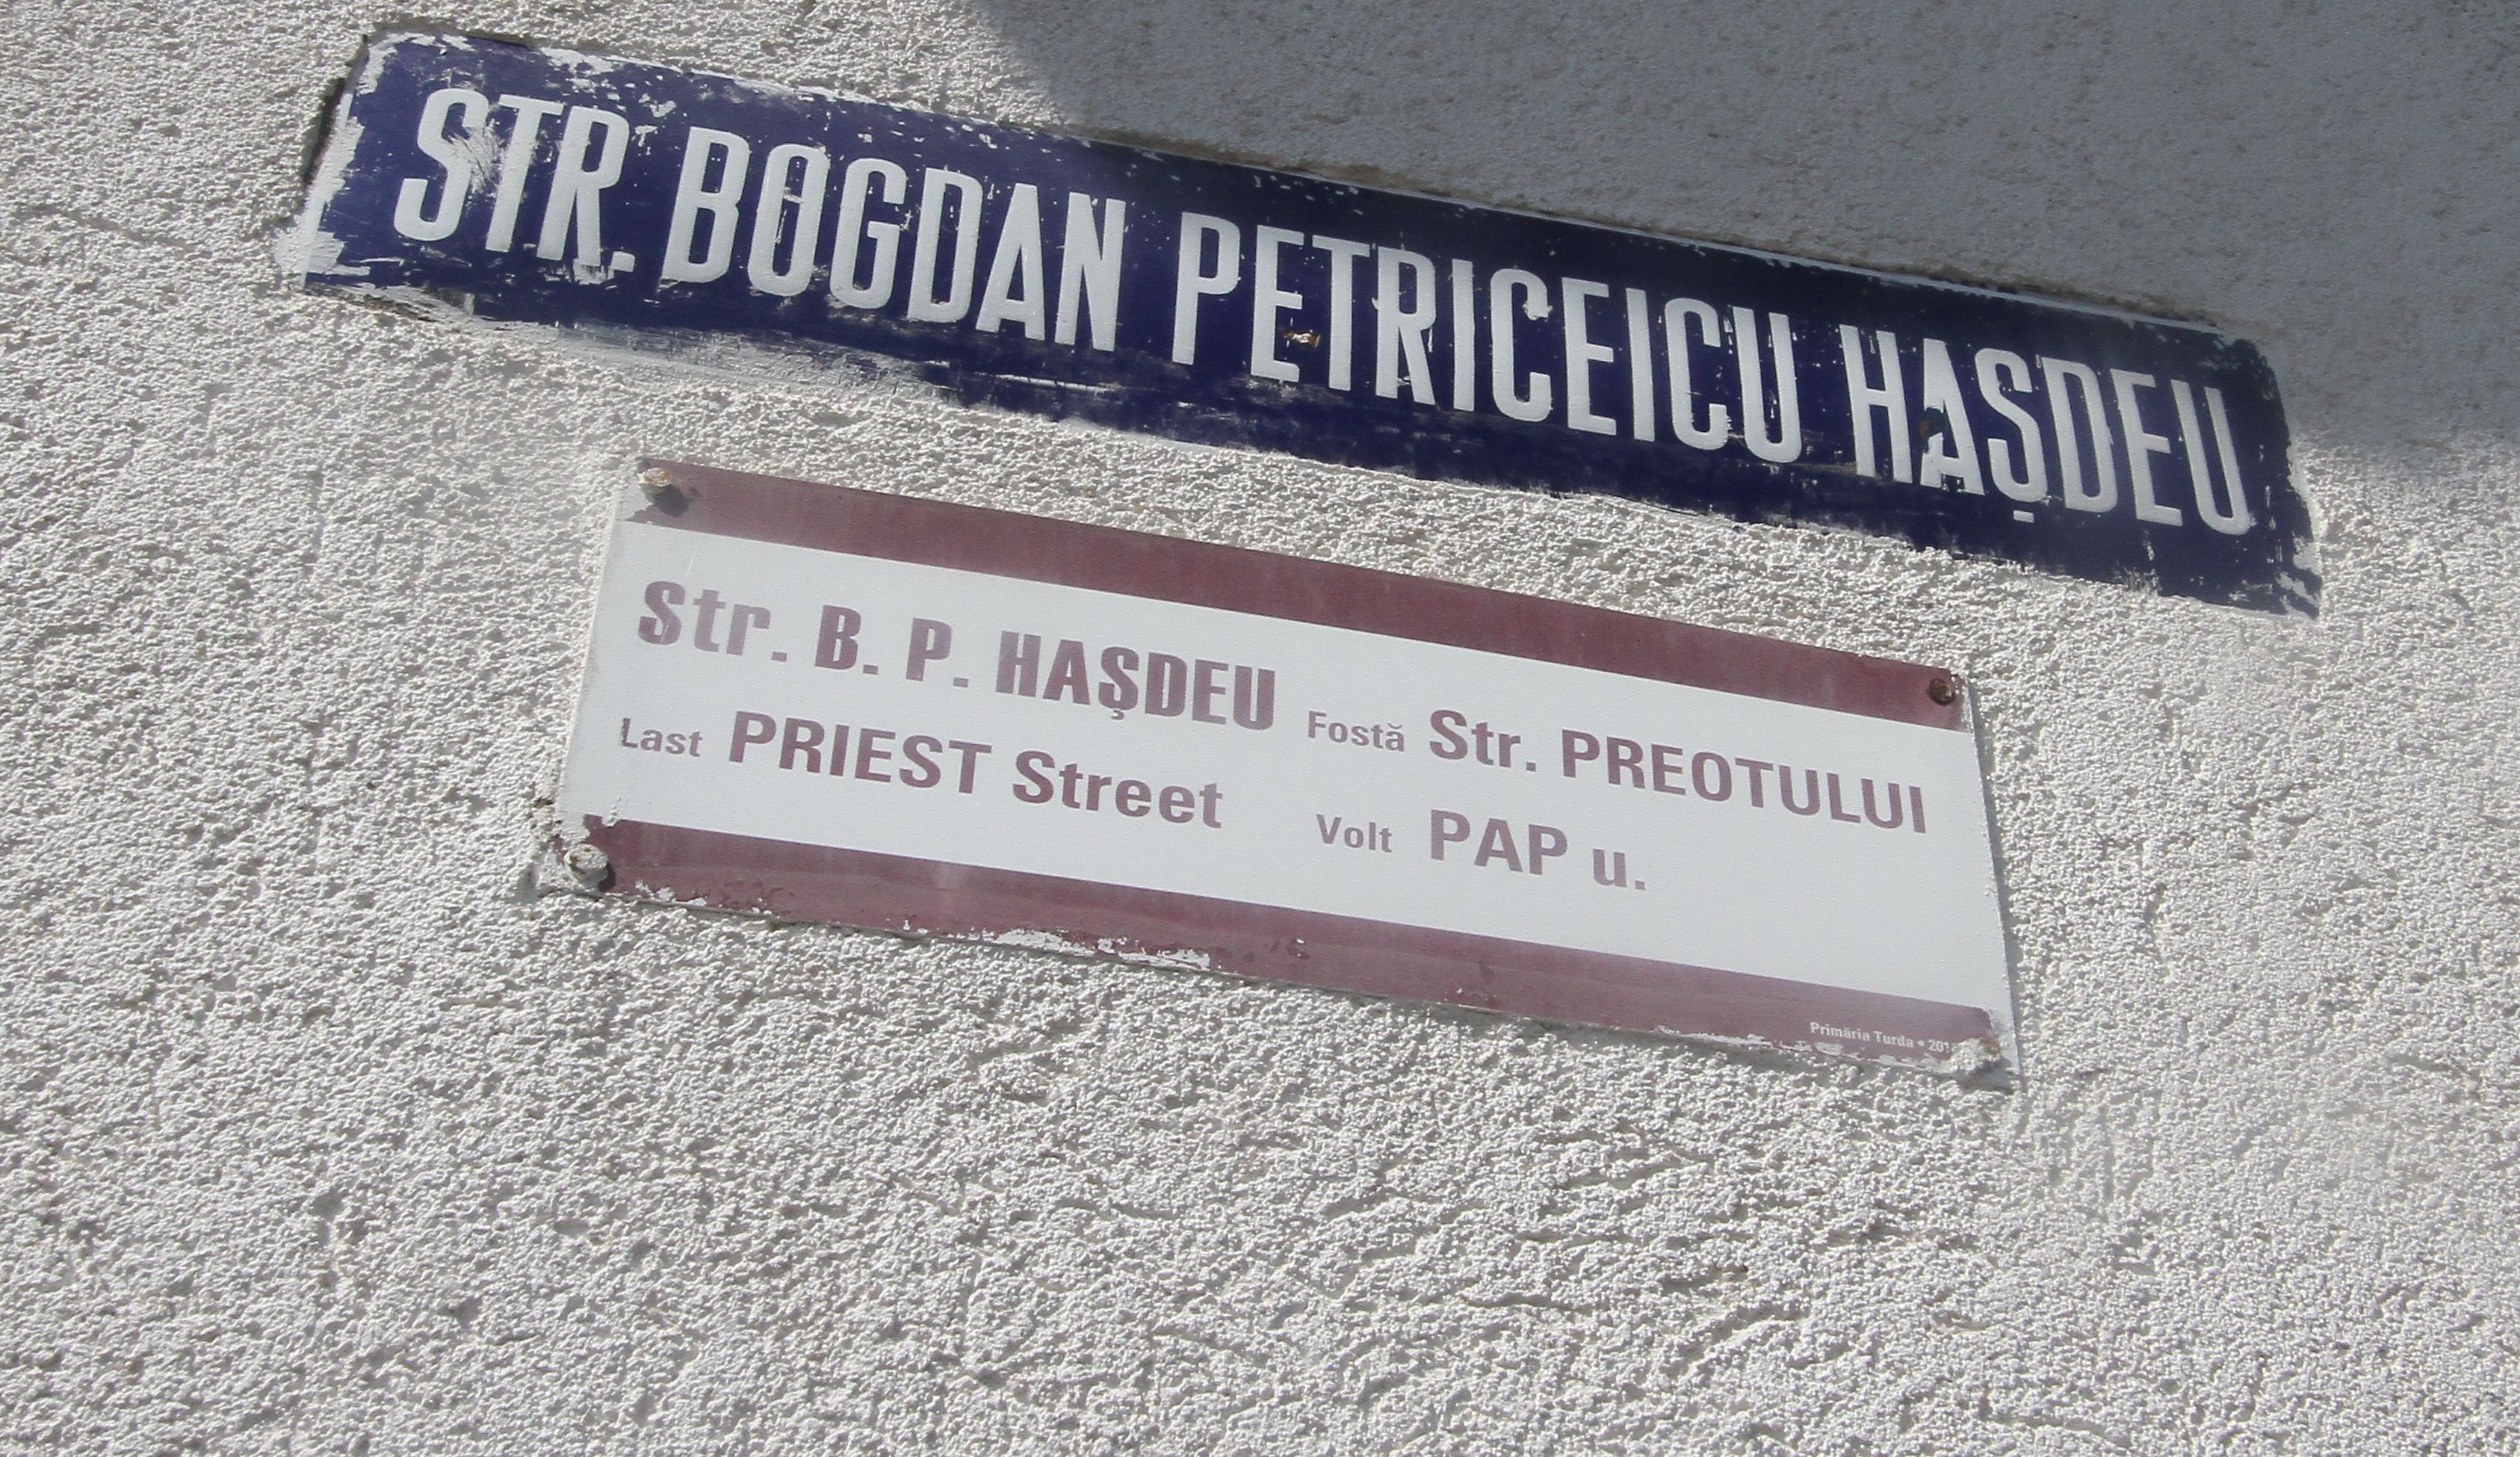 Tordai példa - a hivatalos elnevezés alatt a történelmi utcanevet is feltüntették három nyelven
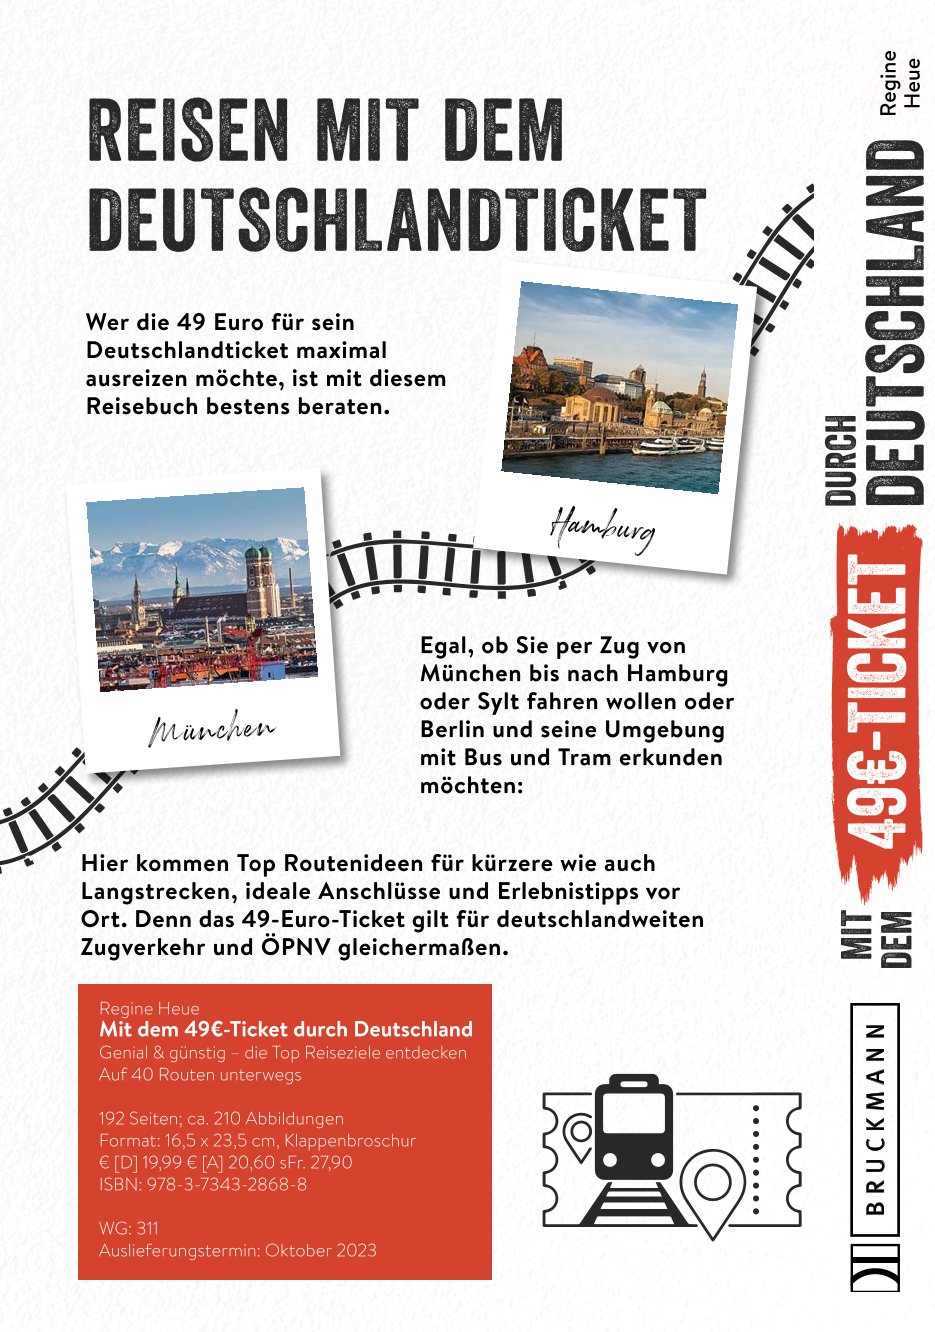 Mit dem 49€-Ticket durch Deutschland
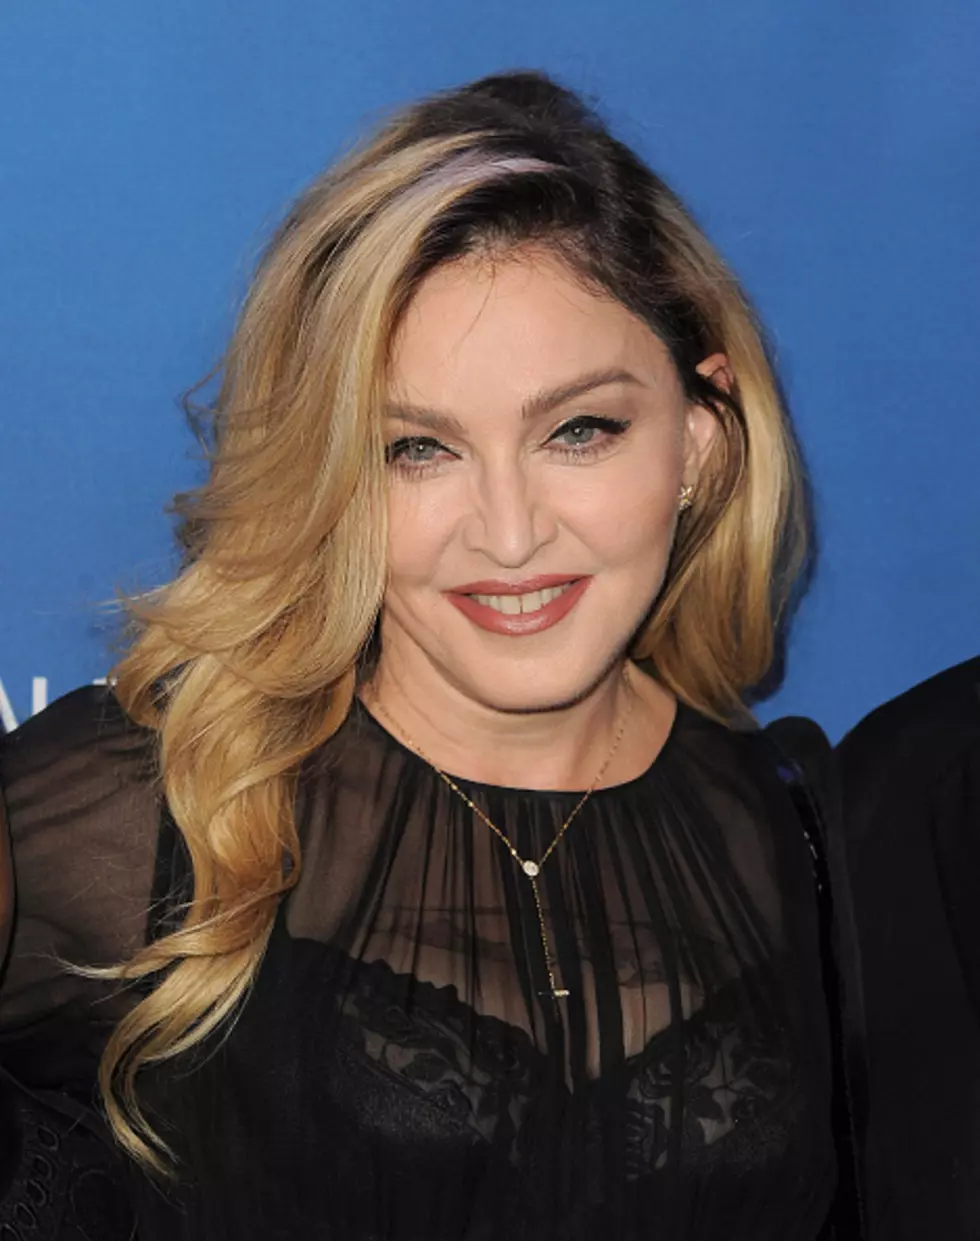 Madonna Drunk On Stage IN Louisville? [VIDEO]
┄┄┄┄┄┄
#### [WHAT NEEDS TO BE DONE]
The lines to copy run from the line containing "Mit dem 49€-Ticket durch Deutschland" through the end of the data above; copy exactly those, minus the pictures.

#### [RESPONSE AREA]
 Mit dem 49€-Ticket durch Deutschland
 Madonna Drunk On Stage IN Louisville? [VIDEO]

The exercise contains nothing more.